# Partial colorblindness



## CoolGuyIsCool (Nov 26, 2010)

I am partially colorblind, colors for me are somewhat hard to tell apart. Red/Orange and Yellow/Orange give me the most trouble on a standard 3x3. So I have to get stickers that I can tell apart very easily, and I need very good lighting. Otherwise I confuse colors and usually mess up.
I can't solve Megaminx, too many colors.

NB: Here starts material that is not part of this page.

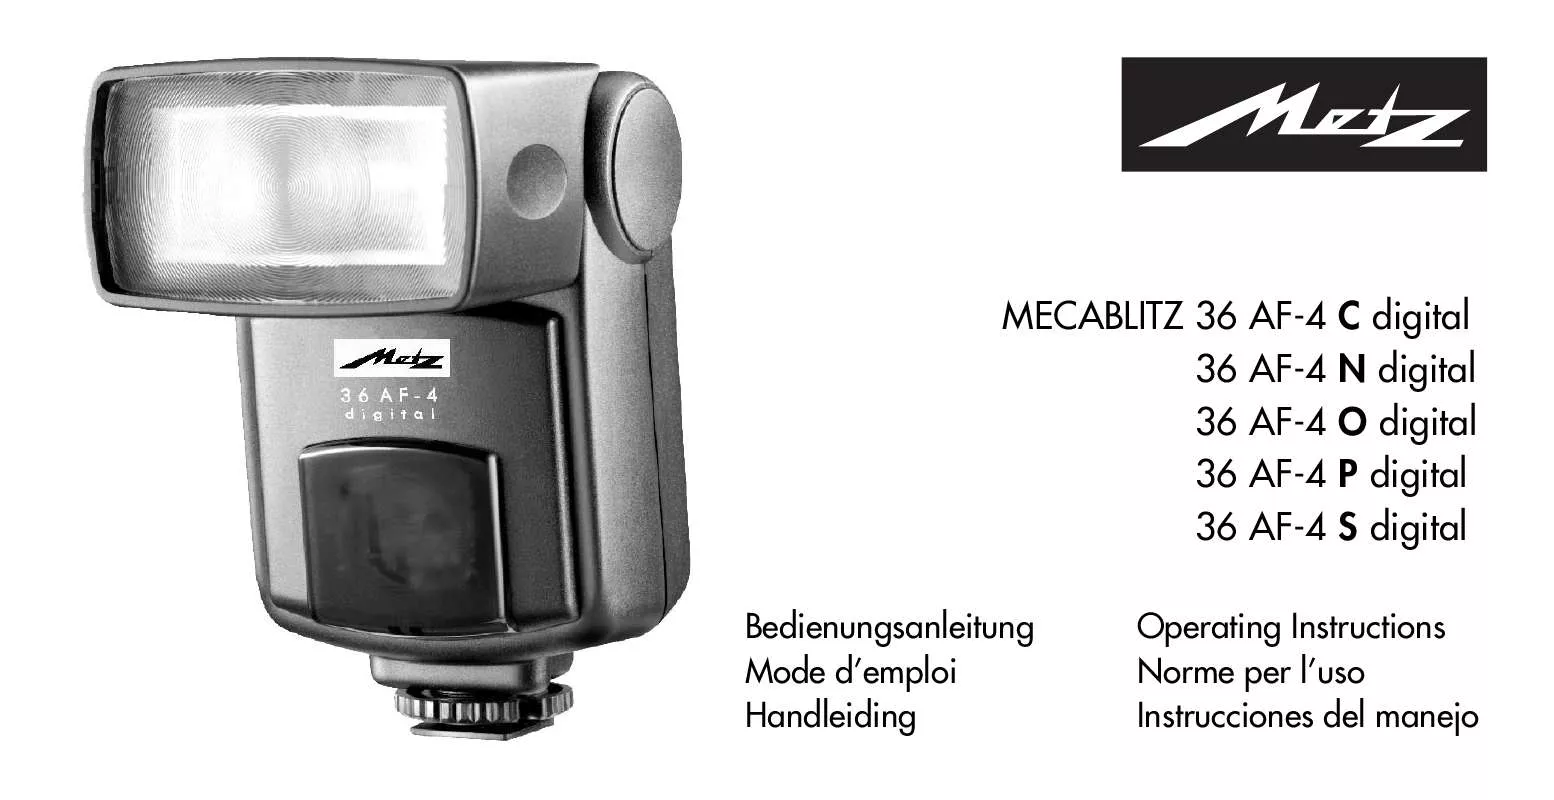 Mode d'emploi METZ MECABLITZ 36 AF-4 S DIGITAL
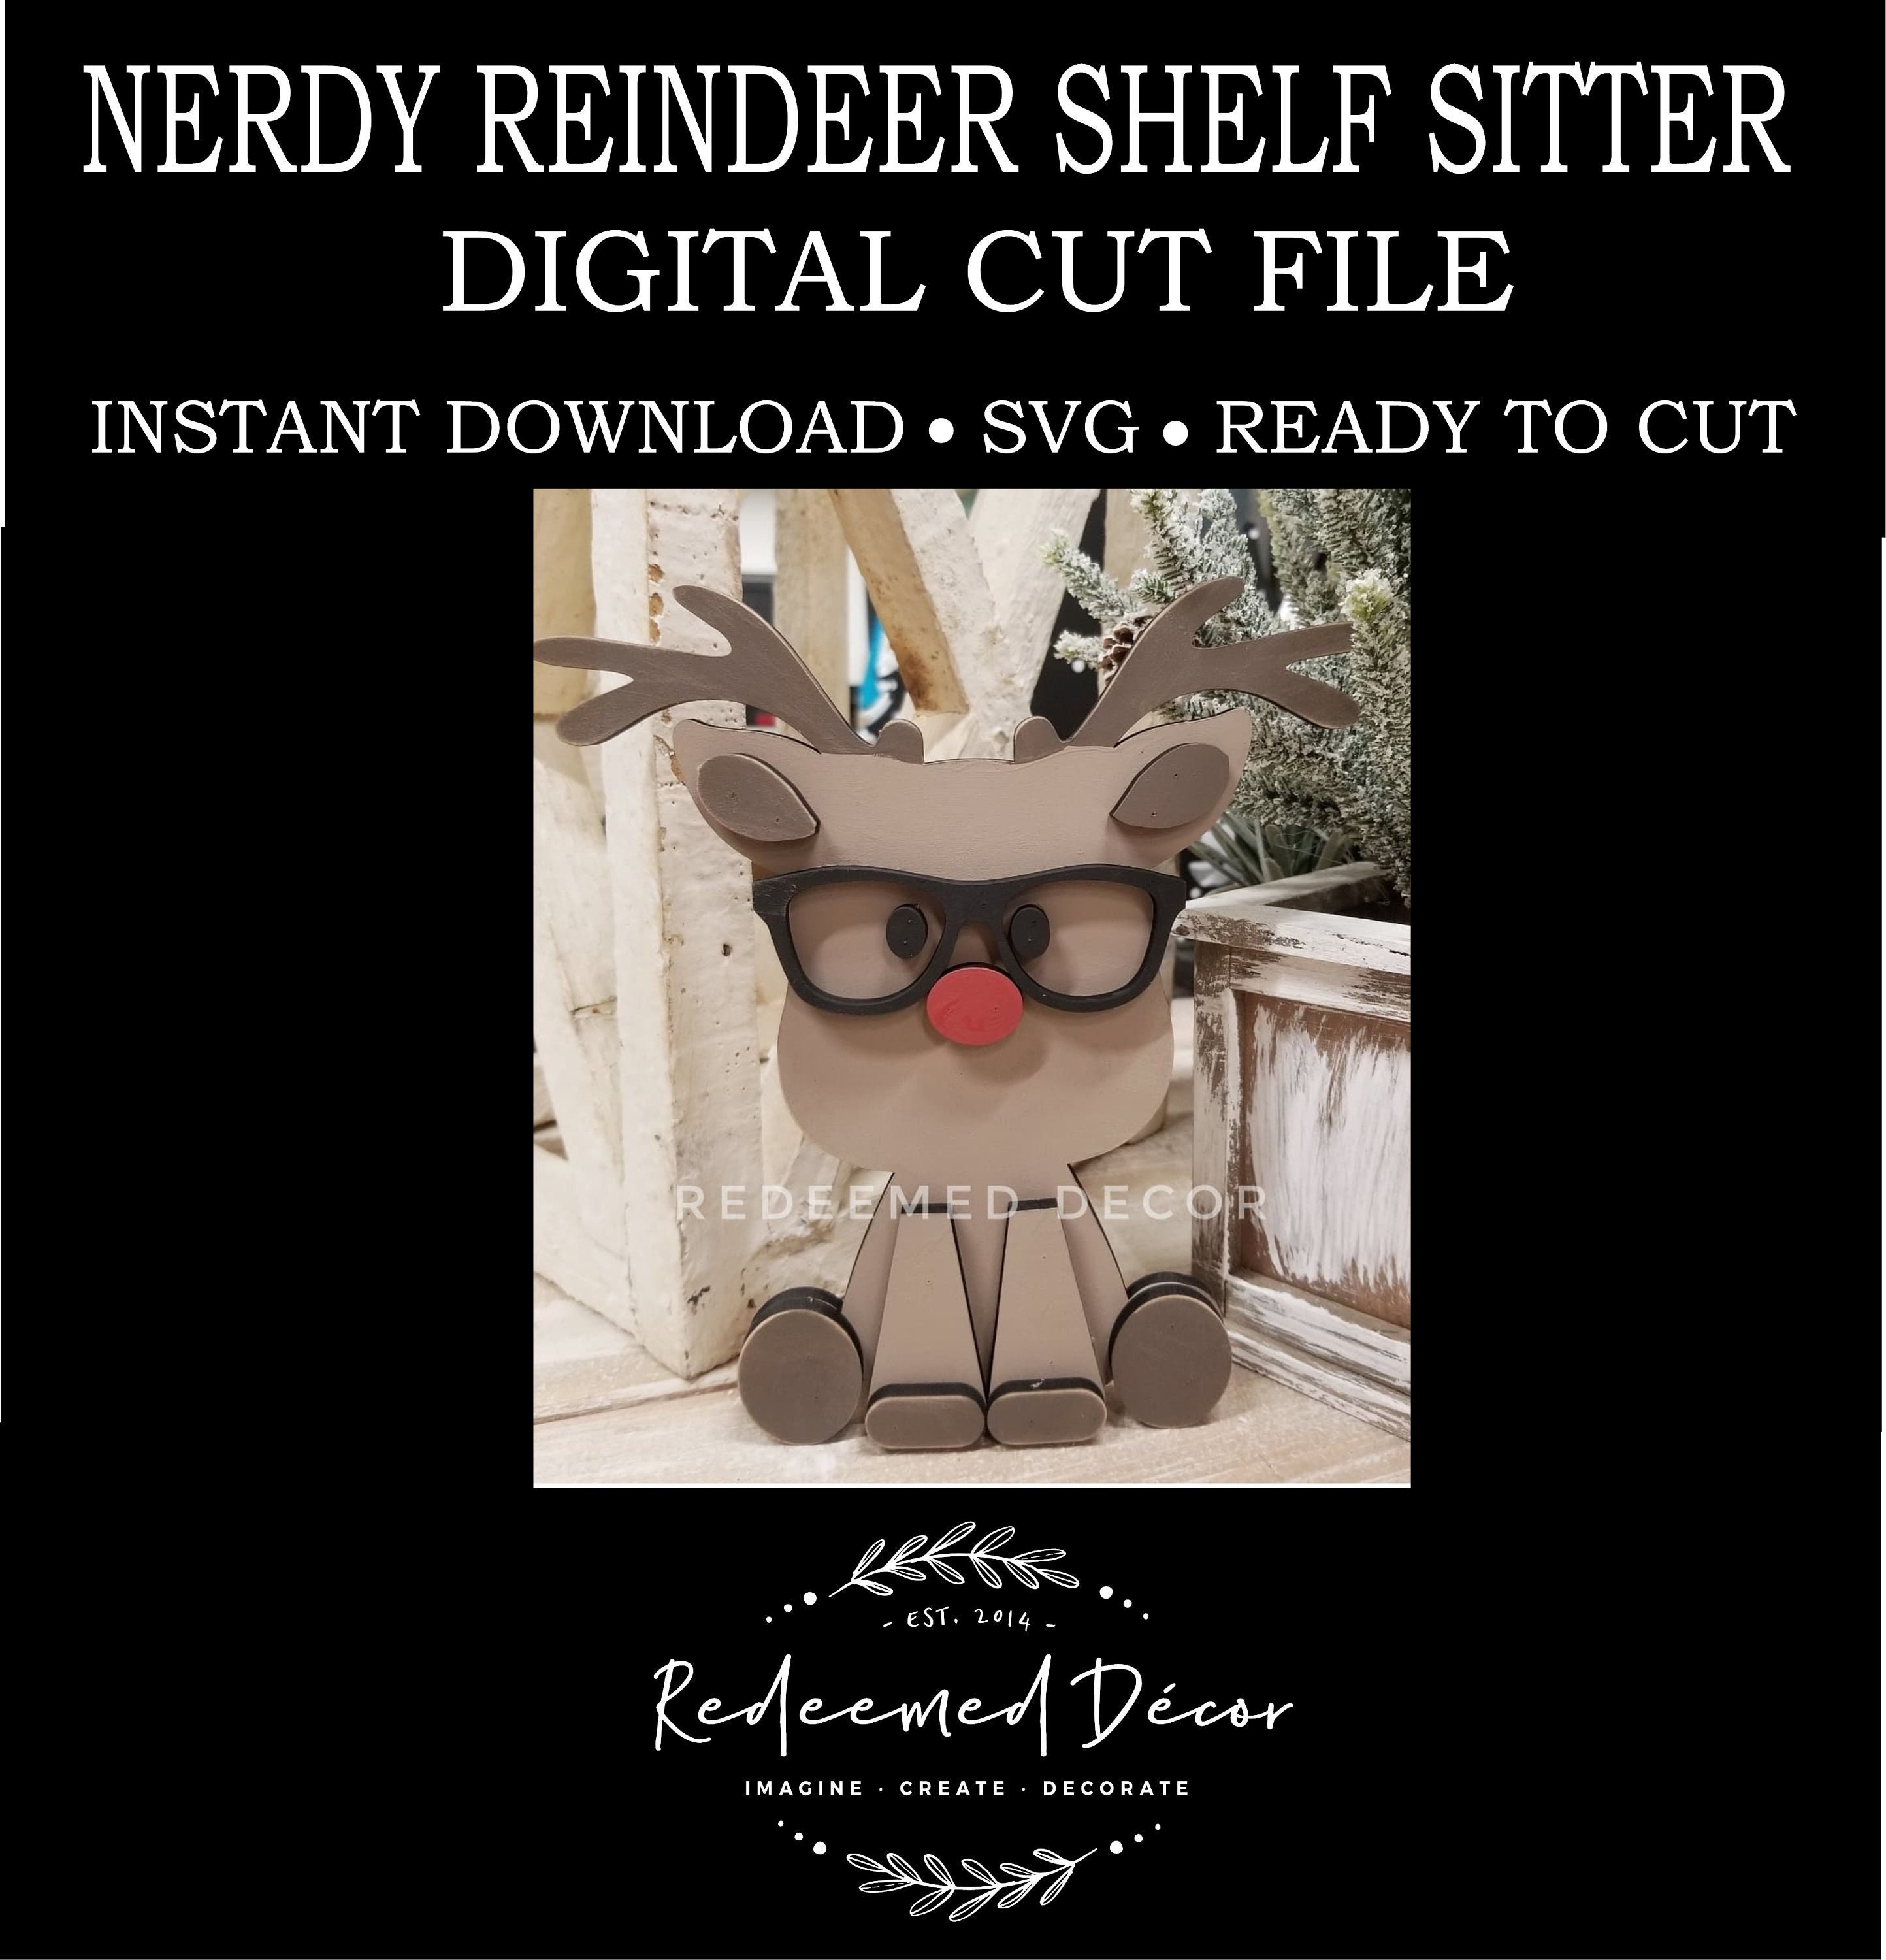 Reindeer Craft Kitcardstock Paper Craft for Kids Christmas Crafts Kids  Crafts

Haha.
I average 18 seconds on 3x3 by the way.


----------



## cubefan4848 (Nov 26, 2010)

That's pretty fast for being partially colourblind


----------



## Edward (Nov 26, 2010)

Welcome 
Hey isn't Stachu colorblind?


----------



## Chrish (Nov 26, 2010)

Color deficient, not colorblind.


----------



## waffle=ijm (Nov 26, 2010)

statue is, so is waffo. well....partially


----------



## Gold_A (Nov 26, 2010)

cubefan4848 said:


> That's pretty fast for being partially colourblind



Yea I guess that is pretty fast for partial colourblindness, or at least that's what I would have thought before I met Harris Chan... difference though, his is red-green colourblindness I think


----------



## StachuK1992 (Nov 26, 2010)

waffle=ijm said:


> statue is, so is waffo. well....partially


 
Statue is indeed partially colorblind.
Here are some differences I have problems with:
red-green-orange-yellow
gray-pink
green-blue-purple

After switching my orange to black, my times went down a decent amount (1s) and I felt a decent reduction in visual strain while solving.


----------



## Cubezz (Nov 26, 2010)

Hope you enjoy the forums 
And also...awesome name, and your avi is really funny (in a positive way) with your name.


----------



## CoolGuyIsCool (Nov 26, 2010)

Yeah, red/green is bad, red/orange is bad, orange/yellow is bad.


----------



## goatseforever (Nov 26, 2010)

http://www.archimedes-lab.org/colorblindnesstest.html#visione

Scored a 3/10 on this XD guess I'm pretty colorblind


----------



## Lorken (Nov 26, 2010)

Is it possible to be colourblind without knowing it? like you never encounter the colour where it is significant and you wouldn't know and neither would anyone else since you don't know. Does it work like that? sorry for off topic.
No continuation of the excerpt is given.